For the whole week after she ignored me and I had a month of nights on my own. But after that, she got herself organised. Picked up where she’d left off. I don’t know why the delay or what was the spur, only that it became fairly regular then, once a week, sometimes more.

At first it was all pretending she was doing something else. Eyes averted. Under the sheet. As if not looking at each other made it less real. That was only the beginning though, of the very very bad. I remember trying so hard not to get hard but what can you do at fourteen? Now I know it’s a mechanical thing but, back then, I thought it was me. I couldn’t understand why I would. Sometimes I’d imagine she was testing, that I was about to be hauled off to some hospital where they’d fix me up people like me, whatever that was.
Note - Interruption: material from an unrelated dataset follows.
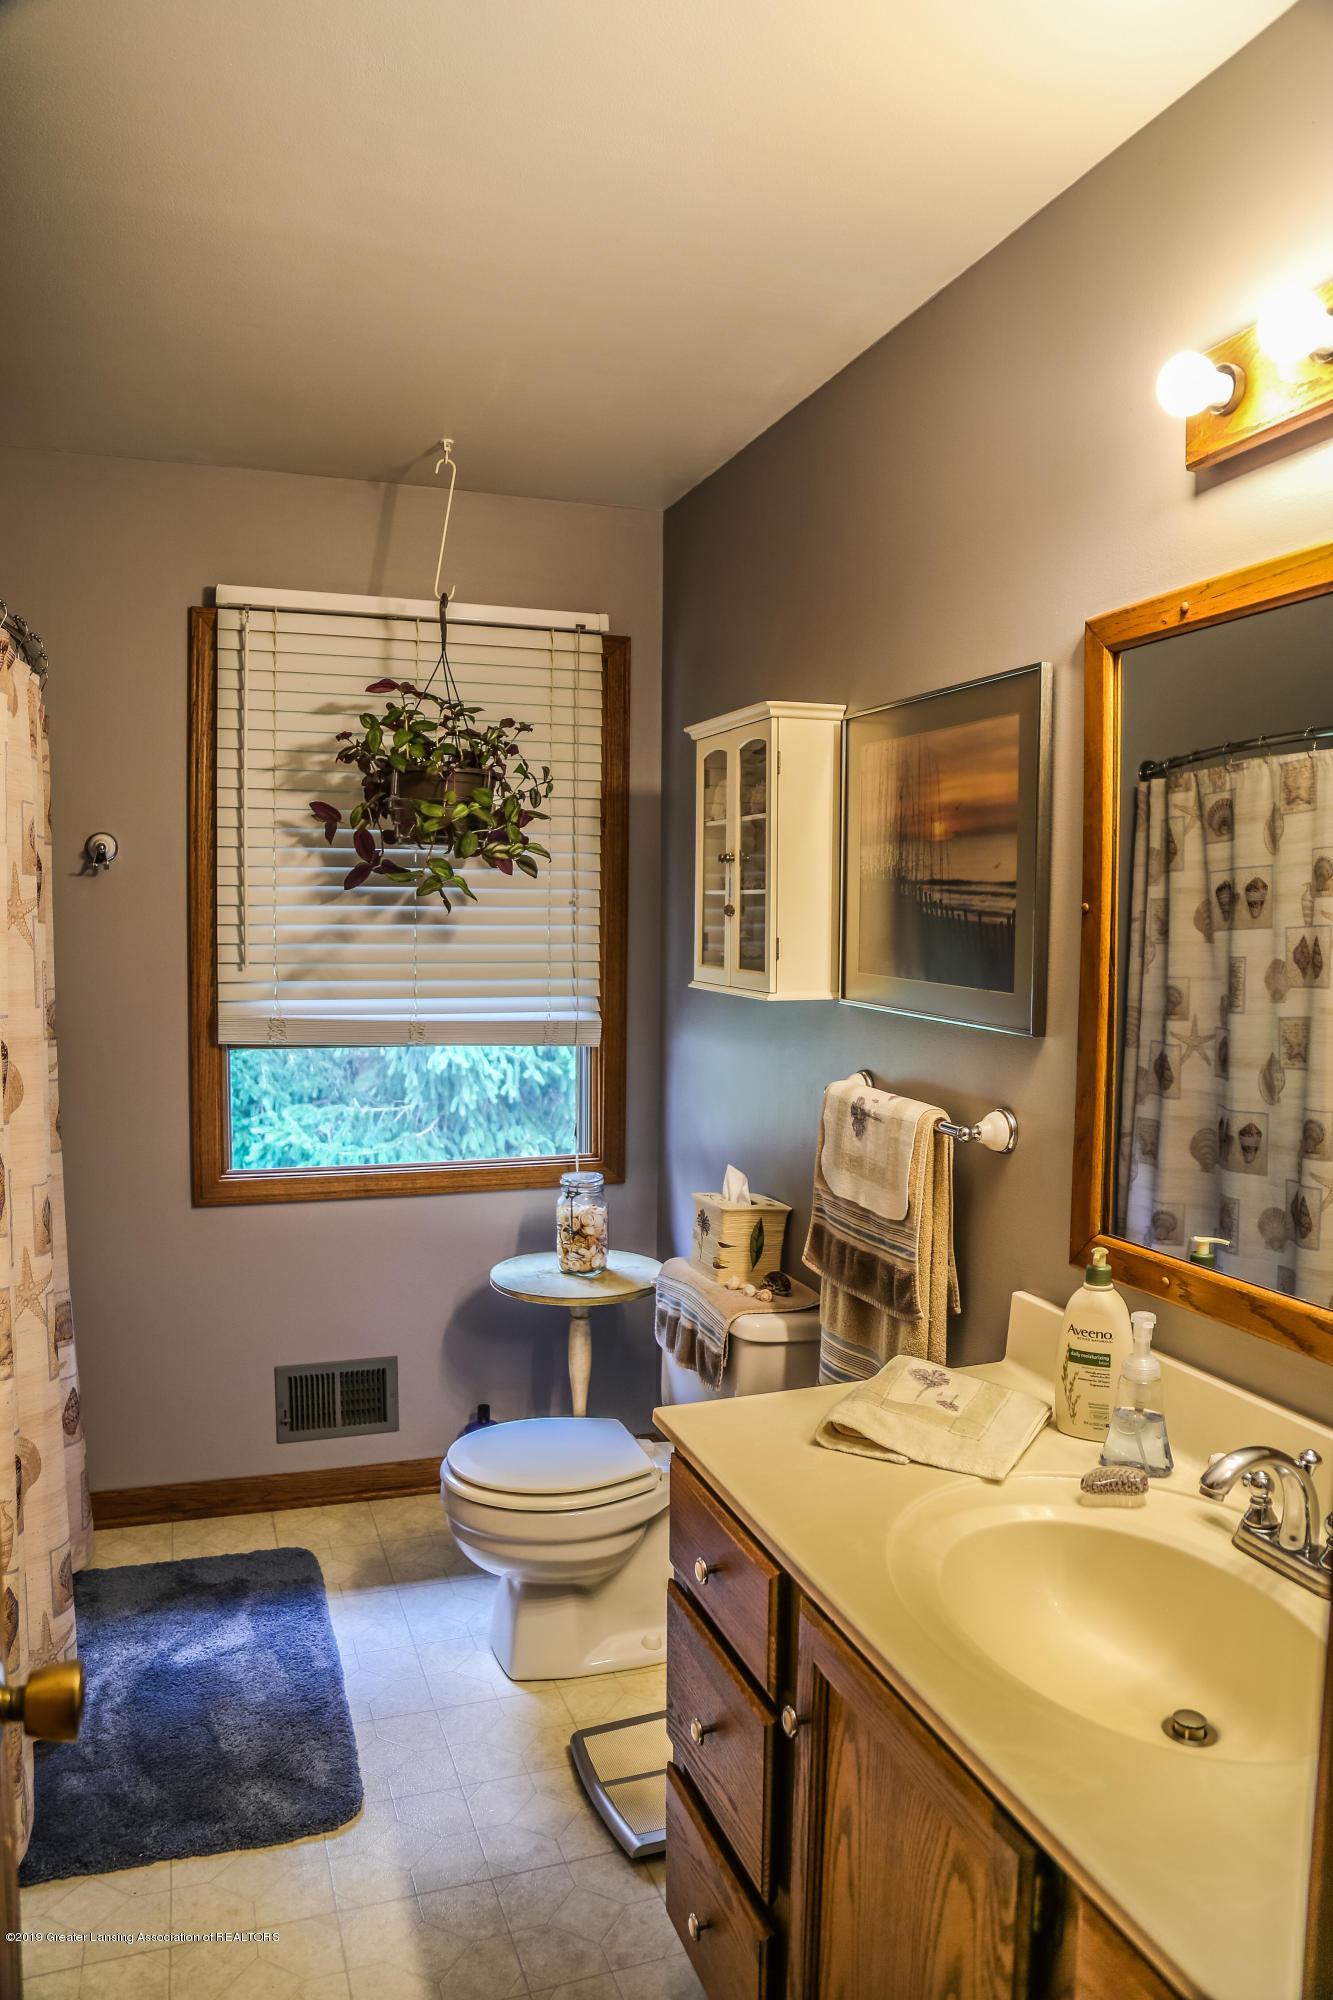 812 S Waverly Rd - Bathroom - 26

Later, when she got more confident she’d imply she was the victim     of me     that I was the     I made her do those things to me     and all the time it was getting worse. Further from what you could pretend it wasn’t making it more like wanting responses and     not the whole way     not kissing or that but     almost everything else     all under the guise of her fucking caring and love, how she understood I couldn’t help myself. But I never cried about it again. Went into my body to get out of my head. There was no way to think about it so I didn’t. And I stopped feeling everything pretty soon. Just let her do what she wanted and did what she asked in return.

 

He looks around the room but not at me. Lights another cigarette. Pours another drink. Then, pressing his knuckles to the pitiless tic, continues on.

 

Once she was done, she’d get up and walk out and I’d just lie there getting back to blank. Sometimes I’d throw up. As it progressed, I started dropping lit matches on my stomach, or legs. Not to feel, just to revive some self that could act normally in my skin – I know you know about that. I’d wait to see how long I could take it and, as time went on, for fucking ages. By the end they could burn themselves out.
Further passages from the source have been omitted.